The aim of this study was to explore the origin of the PenA mosaic amino acid sequence in the ceftriaxone-resistant Neisseria gonorrhoeae FC428 clone. The penA sequences of 27 Neisseria subflava pharyngeal isolates were determined by the Sanger method and penA sequences of 52 isolates from nine Neisseria species were obtained from the NCBI database. Comparative analysis of each PenA sequence was performed by multiple sequence alignment using ClustalW. In vitro resistance acquisition experiments were conducted to investigate the possibility of selection pressure by cefixime-induced amino acid substitution mutations in PenA. All N. subflava strains, including two with low susceptibility to expanded-spectrum cephalosporins (ESCs), possessed the majority of the PenA FC428 sequence. Furthermore, a number of strains, but not all, of closely related species of N. subflava showed similar results. PenA FC428 sequences were also found in some strains of distantly related species.

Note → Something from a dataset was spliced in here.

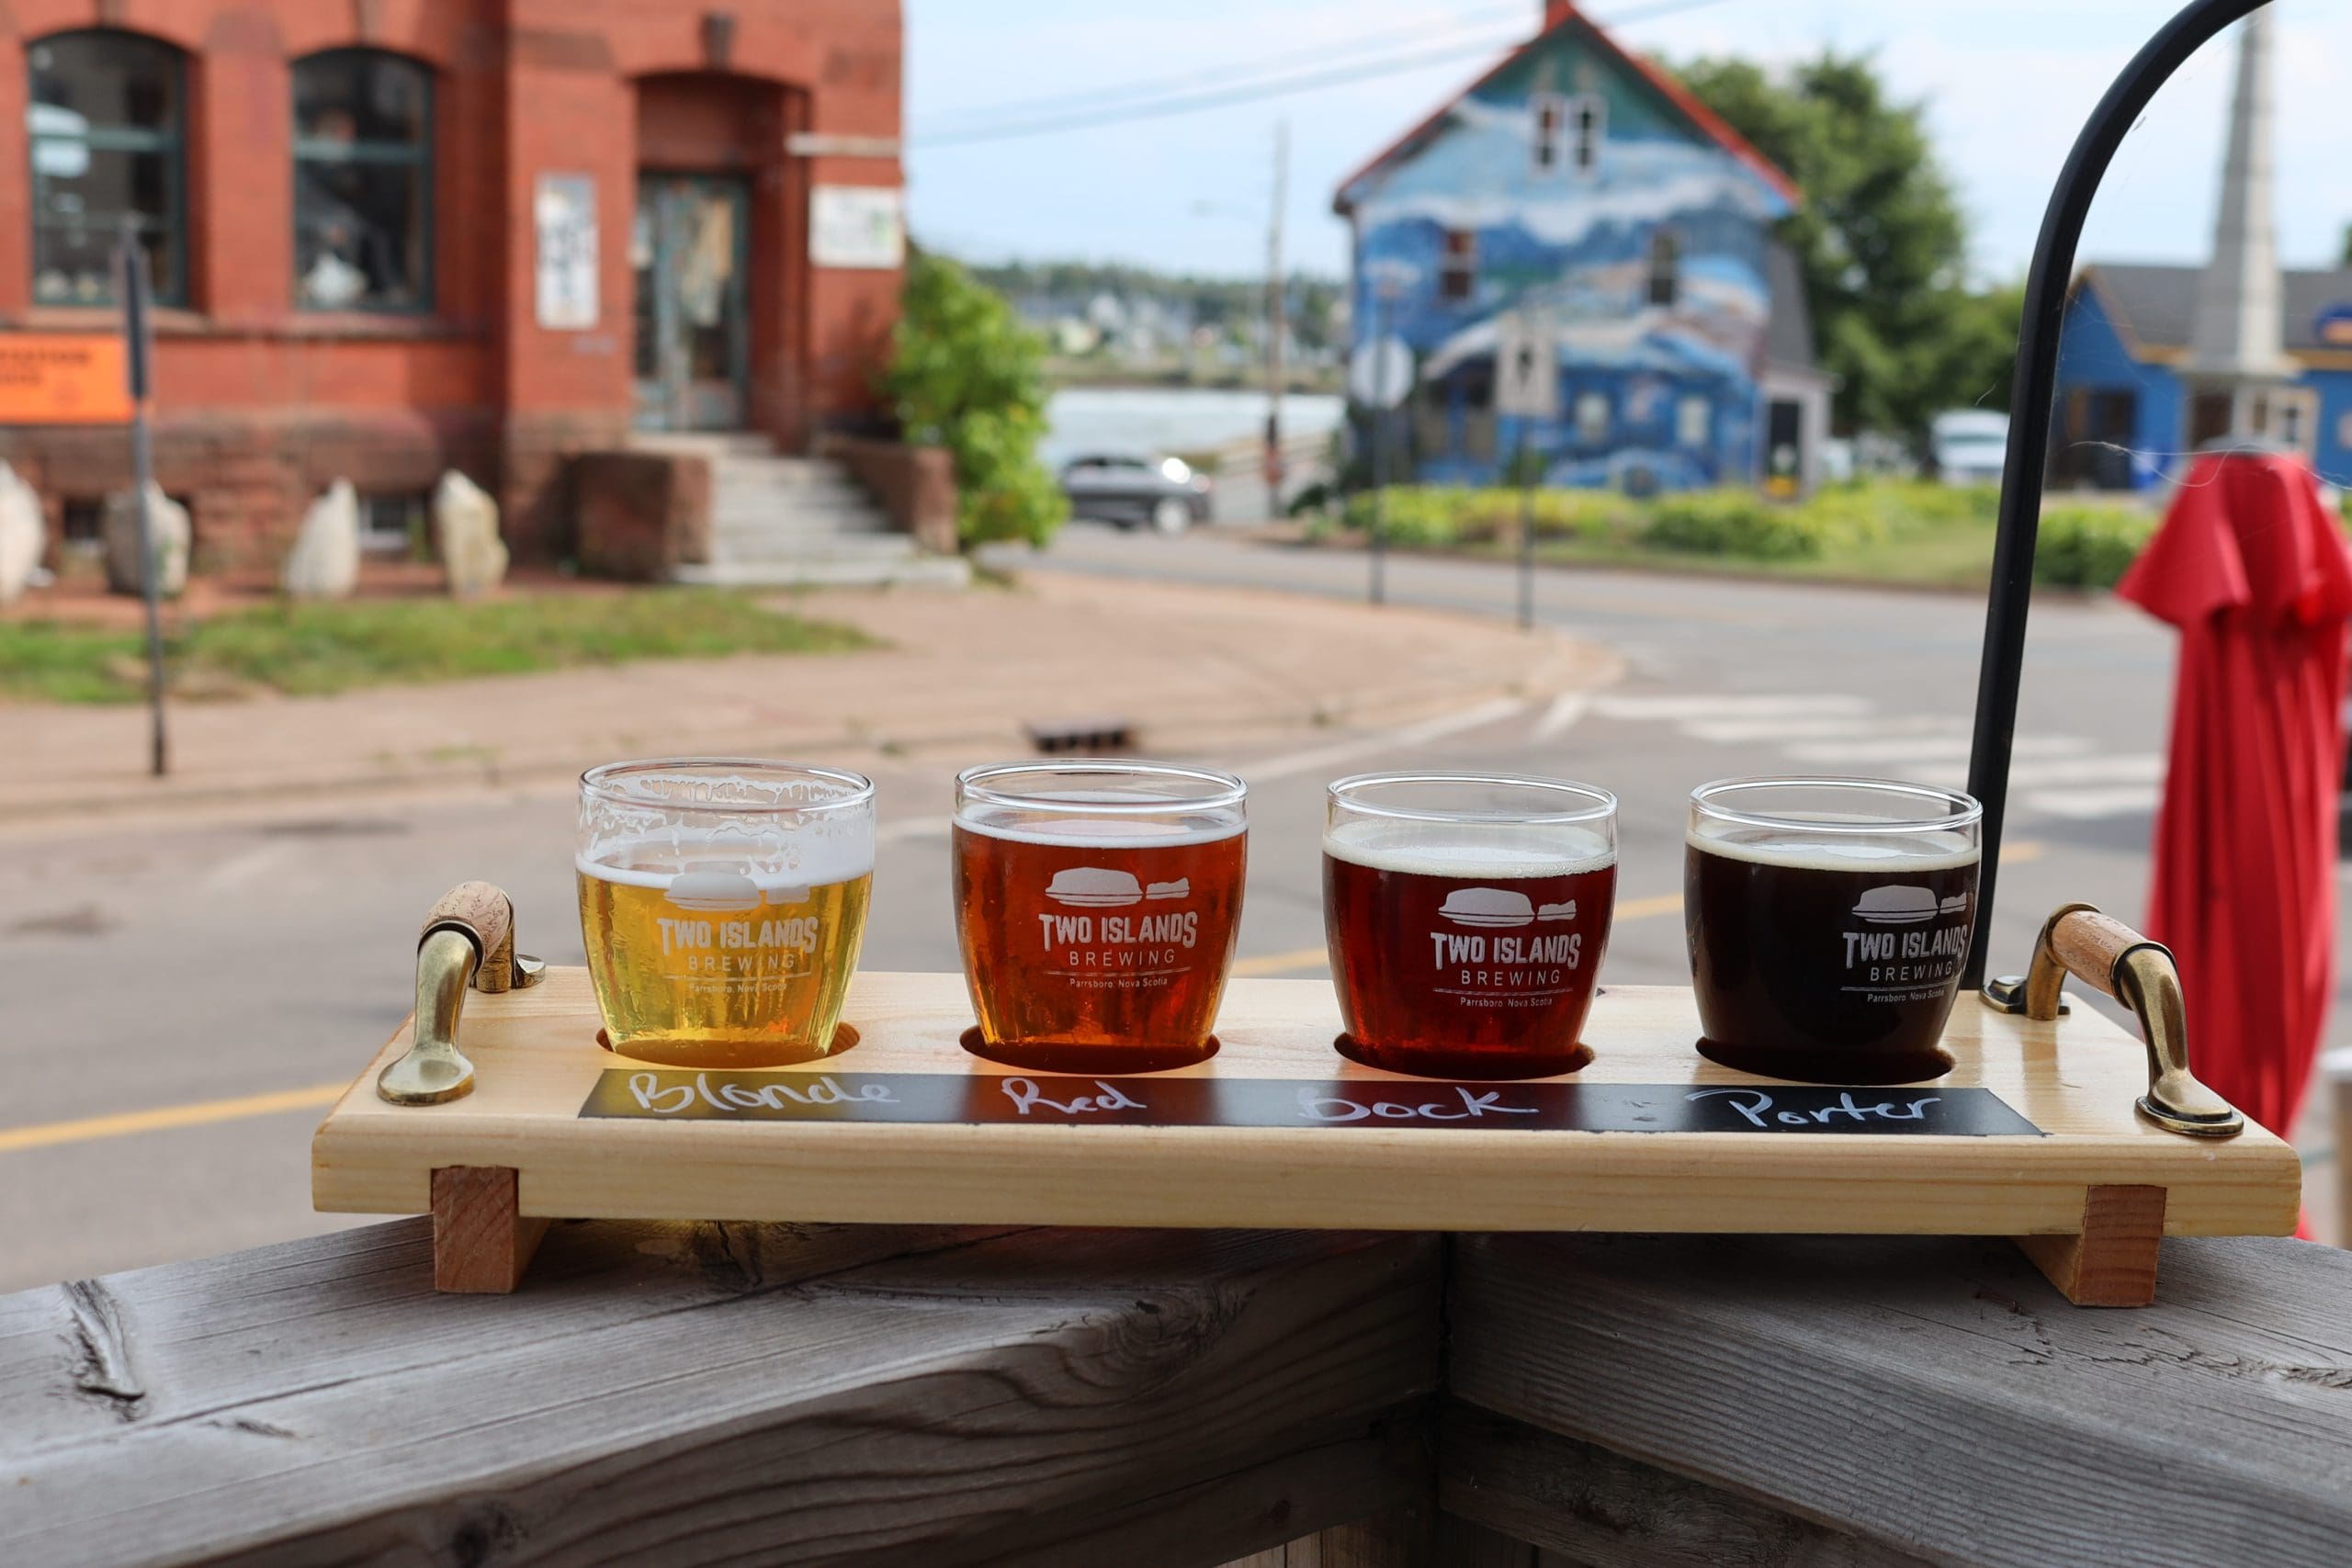 Two Islands Brewing - Brewery in Parssboro Nova Scotia

No new mutations in the penA sequence were observed in colonies with increased MIC in in vitro resistance acquisition experiments. This study provides strong evidence that the FC428 PenA mosaic sequence originated from N. subflava and related species among oral commensal Neisseria species. The results of in vitro resistance acquisition experiments also suggested that one of the PenA FC428-like sequence gene polymorphisms resulted in the expression of ESC resistance. Furthermore, many of the PenA FC428 mosaic sequences were thought to be involved in the so-called epistasis effect that regulates the expression of resistance, without directly contributing to the resistance level itself.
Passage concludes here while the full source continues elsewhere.